Après qu'un pirate informatique inconnu ait volé 200 millions de dollars à la société britannique Euler Finance en mars, des agents nord-coréens présumés ont tenté de tendre un piège : ils ont envoyé au pirate informatique un message sur la blockchain contenant une vulnérabilité qui aurait pu être une tentative d'accès aux fonds, selon à Elliptique. (La ruse n'a pas fonctionné.)
Nick Carlsen, qui était un analyste du renseignement du FBI spécialisé dans la Corée du Nord jusqu'en 2021, estime que ce pays ne compte peut-être que quelques centaines de personnes concentrées sur la tâche d'exploiter la crypto-monnaie pour échapper aux sanctions.

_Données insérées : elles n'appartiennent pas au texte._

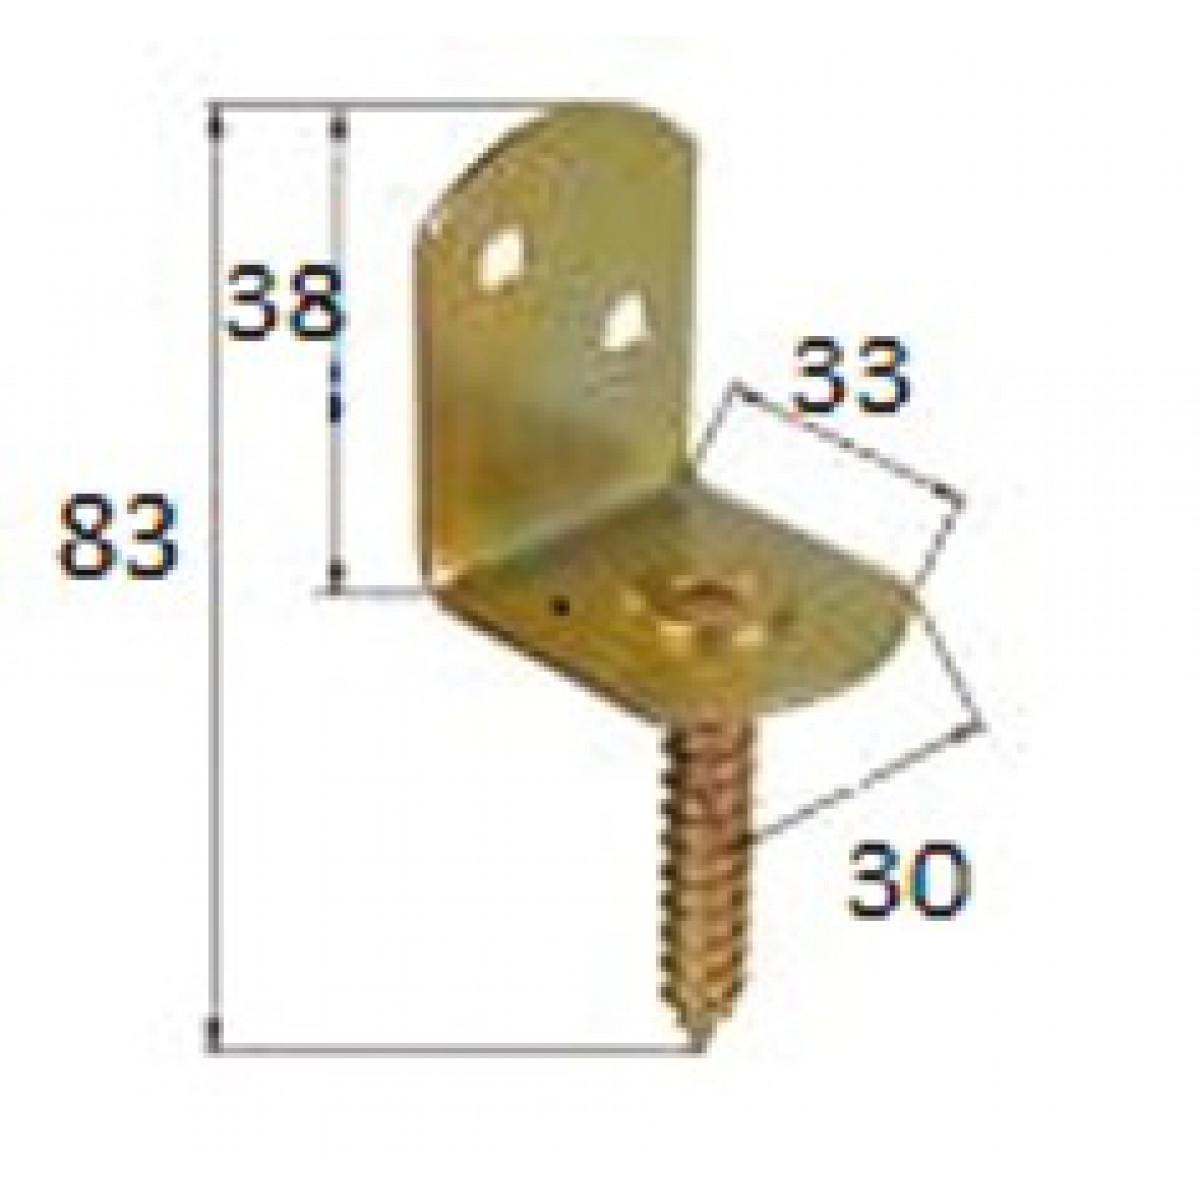 Equerre à vis Alberts - Dimensions 83 x 38 mm

Dans le cadre d’un effort international visant à sanctionner les échanges de cryptomonnaies malhonnêtes et à saisir l’argent volé, Carlsen craint que la Corée du Nord puisse recourir à des formes de fraude moins visibles. Au lieu de voler 500 millions de dollars sur un échange de cryptomonnaies, a-t-il suggéré, les agents de Pyongyang pourraient mettre en place une chaîne de Ponzi qui attirerait beaucoup moins d'attention.
Cependant, même avec de faibles marges bénéficiaires, le vol de cryptomonnaie reste « extrêmement rentable », a déclaré Carlsen, qui travaille désormais au sein de la société d'enquête sur les fraudes TRM Labs. « Ils n'ont donc aucune raison d'arrêter ».